Perhaps I am a historian interested in oriental dress, and I want to refer to a fez worn by someone in the movie “Casablanca.” I should be able to refer to the fez itself (and not the head it is on) by linking to its image as it “moves” across many frames, just as I can easily link to a printed reference of the fez in text. Or even better, I’d like to annotate the fez in the film with other film clips of fezzes as references.

With full-blown visuality, I should be able to annotate any object, frame or scene in a motion picture with any other object, frame or motion-picture clip. I should be able to search the visual index of a film, or peruse a visual table of contents, or scan a visual abstract of its full length. But how do you do all these things? How can we browse a film the way we browse a book?

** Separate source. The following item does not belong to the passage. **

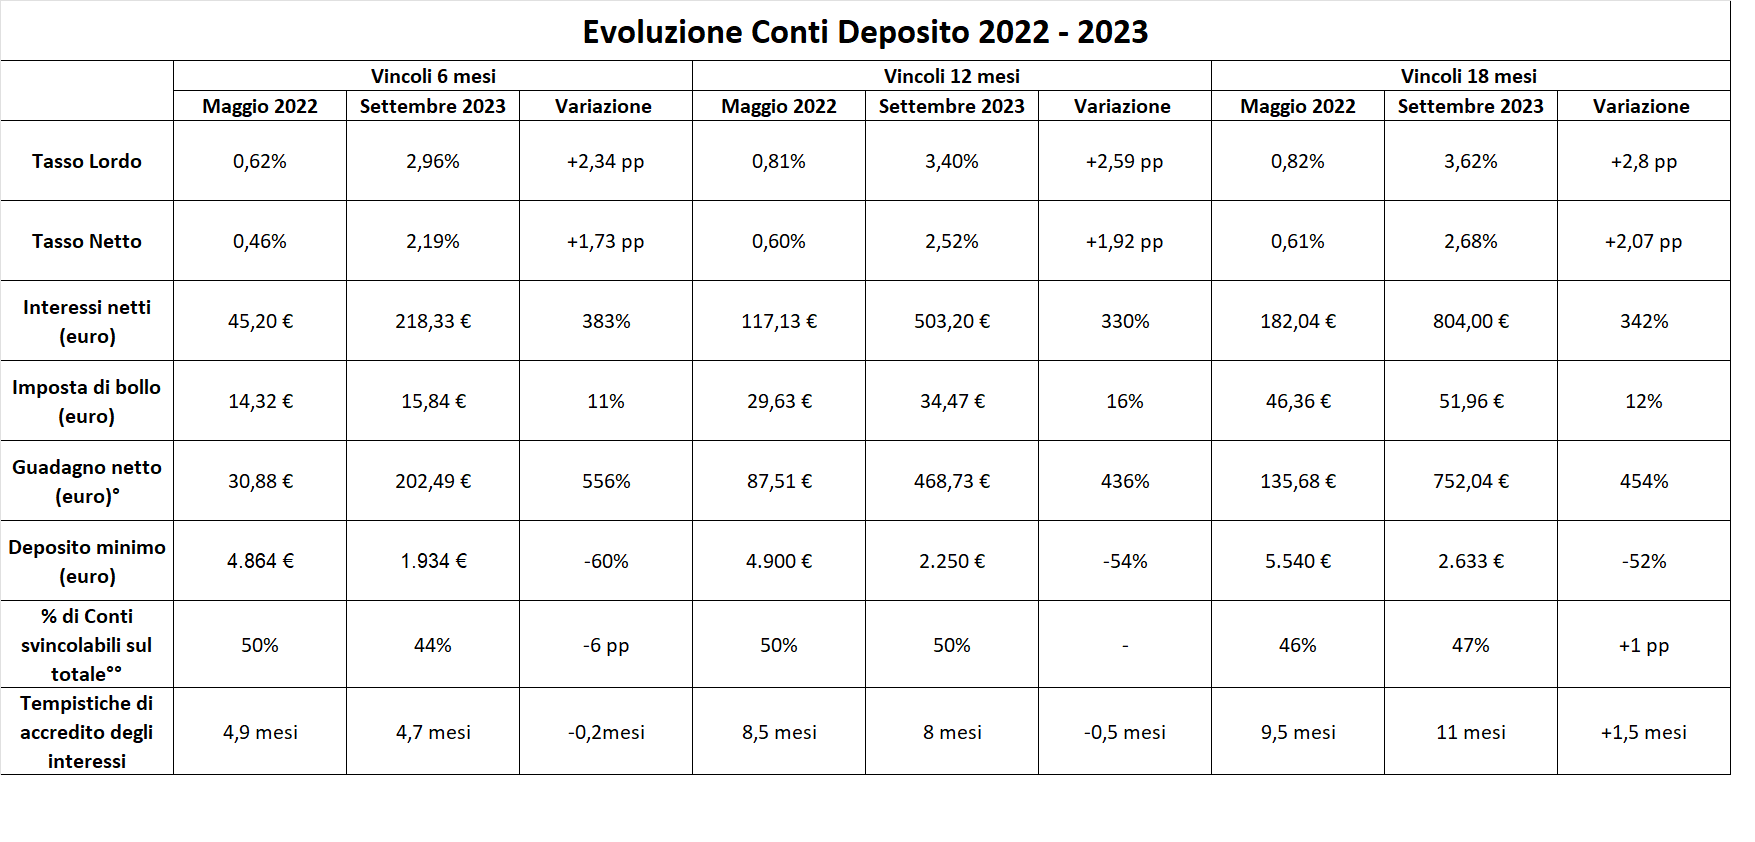 conto deposito evoluzione tassi, interessi, imposta di bollo dal 2022 al 2023

It took several hundred years for the consumer tools of text literacy to crystallize after the invention of printing, but the first visual-literacy tools are already emerging in research labs and on the margins of digital culture. Take, for example, the problem of browsing a feature-length movie. One way to scan a movie would be to super-fast-forward through the two hours in a few minutes. Another way would be to digest it into an abbreviated version in the way a theatrical-movie trailer might. Both these methods can compress the time from hours to minutes. But is there a way to reduce the contents of a movie into imagery that could be grasped quickly, as we might see in a table of contents for a book?

Academic research has produced a few interesting prototypes of video summaries but nothing that works for entire movies. Some popular Web sites with huge selections of movies (like porn sites) have devised a way for users to scan through the content of full movies quickly in a few seconds. When a user clicks the title frame of a movie, the window skips from one key frame to the next, making a rapid slide show, like a flip book of the movie. The abbreviated slide show visually summarizes a few-hour film in a few seconds. Expert software can be used to identify the key frames in a film in order to maximize the effectiveness of the summary.

The holy grail of visuality is to search the library of all movies the way Google can search the Web. Everyone is waiting for a tool that would allow them to type key terms, say “bicycle + dog,” which would retrieve scenes in any film featuring a dog and a bicycle. In an instant you could locate the moment in “The Wizard of Oz” when the witchy Miss Gulch rides off with Toto. Google can instantly pinpoint desirable documents out of billions on the Web because computers can read text, but computers are only starting to learn how to read images.